I’m still doing renovation on my rental property, a lot of times, guys came out to give me an estimate, and it’s absurd that when he sees that I’m a girl, he jacked up the price. To combat this problem, I had multiple companies or contractors come out at the same time.

  1. They know they are not the only one out there.
  2. I get the truest price when there are more than one parties coming out. By eliminate me as a female out of the equation (because they saw their competitors), they would give me their truest lowest price.
  3. I have guys cutting corners because they wouldn’t think I would go up the to the roof to check if they actually do the job, or went up into the attic to check on the job. I don’t know if it’s a women thing, or they’re that way. What I’ve learned is no matter how much I pay for the job, they ALL will try to cut corners.
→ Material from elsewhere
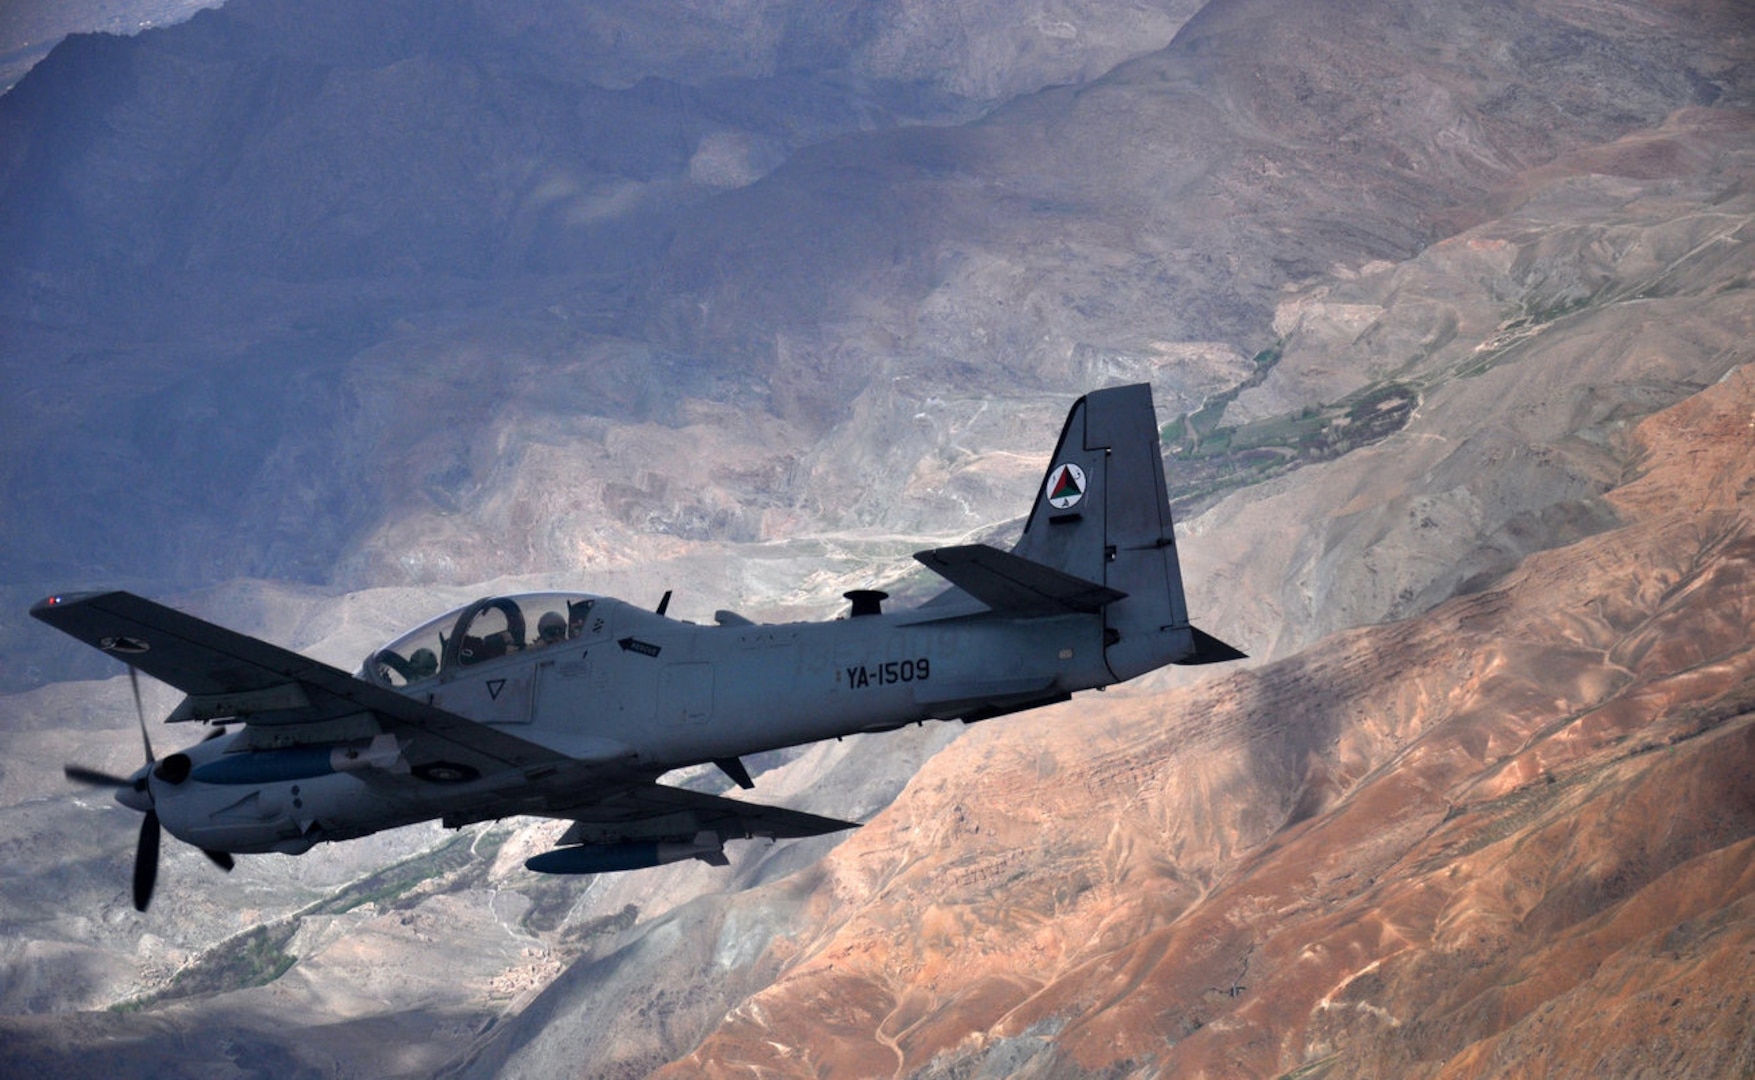 An Afghan air force A-29 Super Tucano aircraft flies over Afghanistan during a training mission, April 6, 2016. NATO Train, Advise, Assist Command-Air works daily to assist the Afghan air force in improving its capabilities. (Air Force photo by Capt. Eydie Sakura) 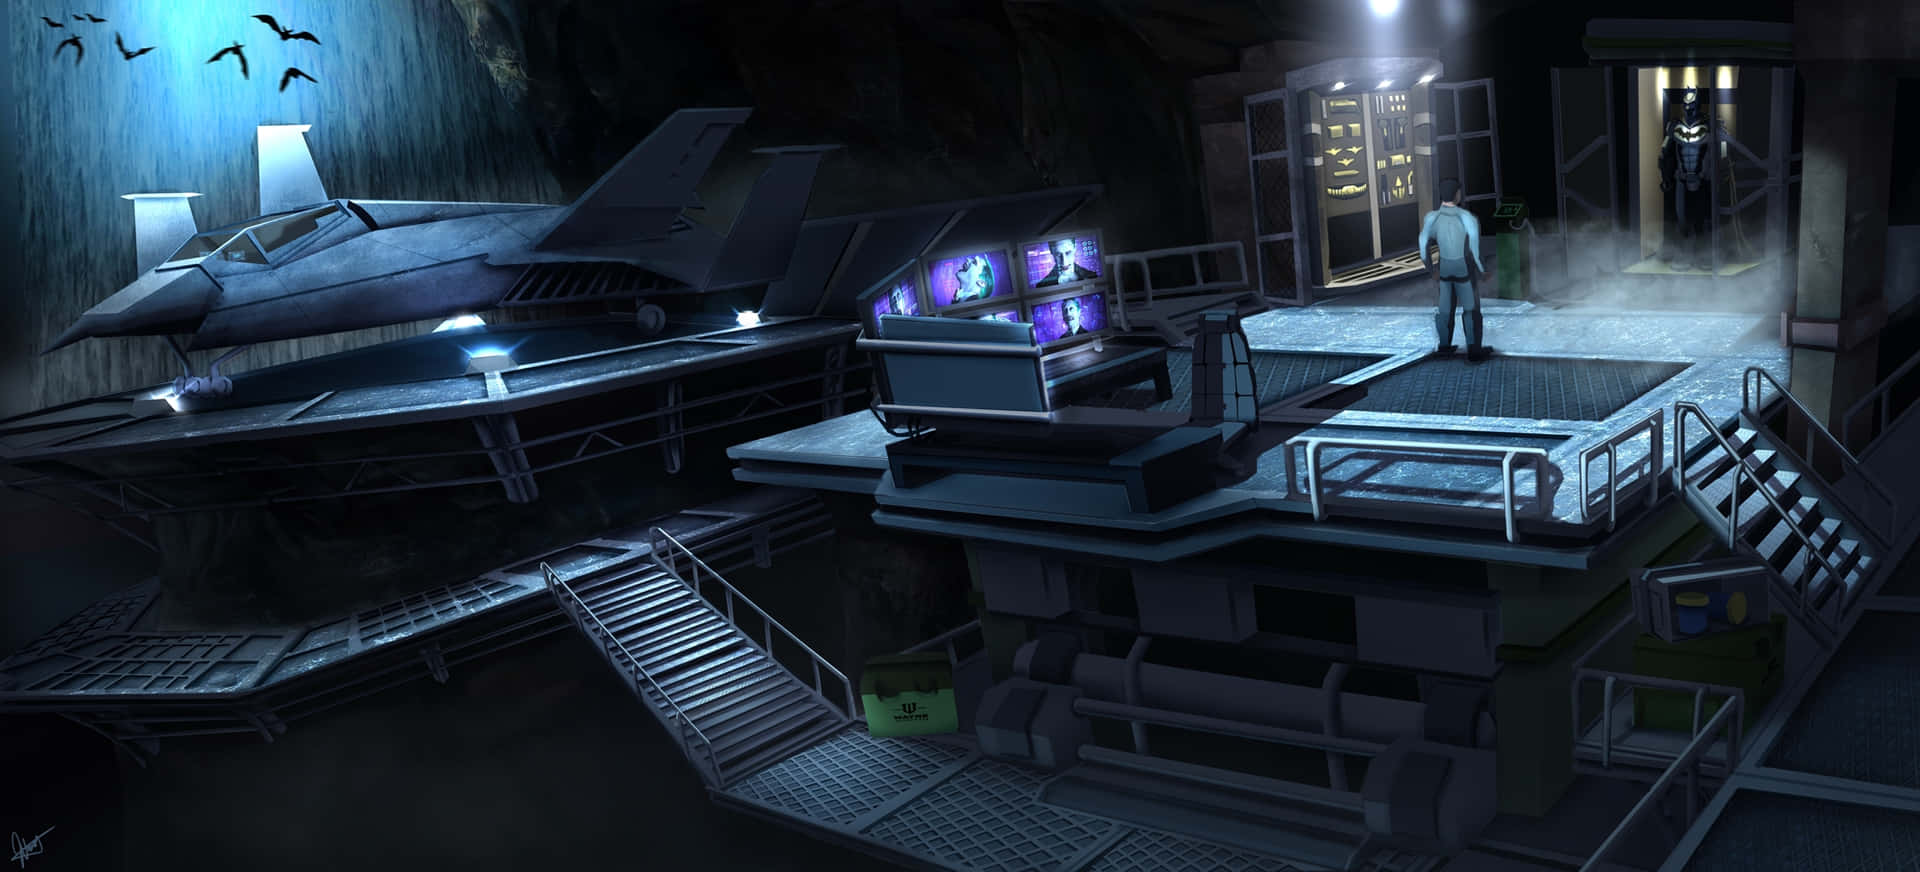 "We welcome you to the Batcave--the headquarters of the legendary Batman." Wallpaper

Another way to put this: Financial Independent empowered women. I’d have to say, if I run into this sort of issue, I can always choose to walk away from the job, and not having to worry about my bills will be paid. Granted, she kept saying she likes the project, and she felt like she was getting somewhere, doing something good with her career, and she didn’t want to walk from it. But base on what she said, it seems hellish to me. If someone that miserable, documenting everything at work, wouldn’t she a little tired of all this? I’m pretty sure, at some point, somebody must have said something inappropriate to me, and I’d just shake it off and walk away from the situation. Memory that is unpleasant, people that I don’t want to hang out it, I don’t have to endure their abuse. And I wouldn’t let them abuse me any further by documenting what they said, or keep thinking about it.

 

Was it a smart move from her? It’s 50-50

1. People who are hiring her from this point on know she keeps record of inappropriate behavior of bosses or corporate culture going around her. This probably the very thing that prevent people from reporting it fighting when they face oppression. 

2. Now everyone knows who she is, what a great engineer she is, and how strong she is. This will open a lot more opportunities for her in the future, whether it’s in the engineer world, or in policy making somewhere.

Would I do it? Probably not. I’ll find my own solution to work around it or not throw myself in that situation. I play soccer with men before, some of them didn’t like it, some of them think it’s cool.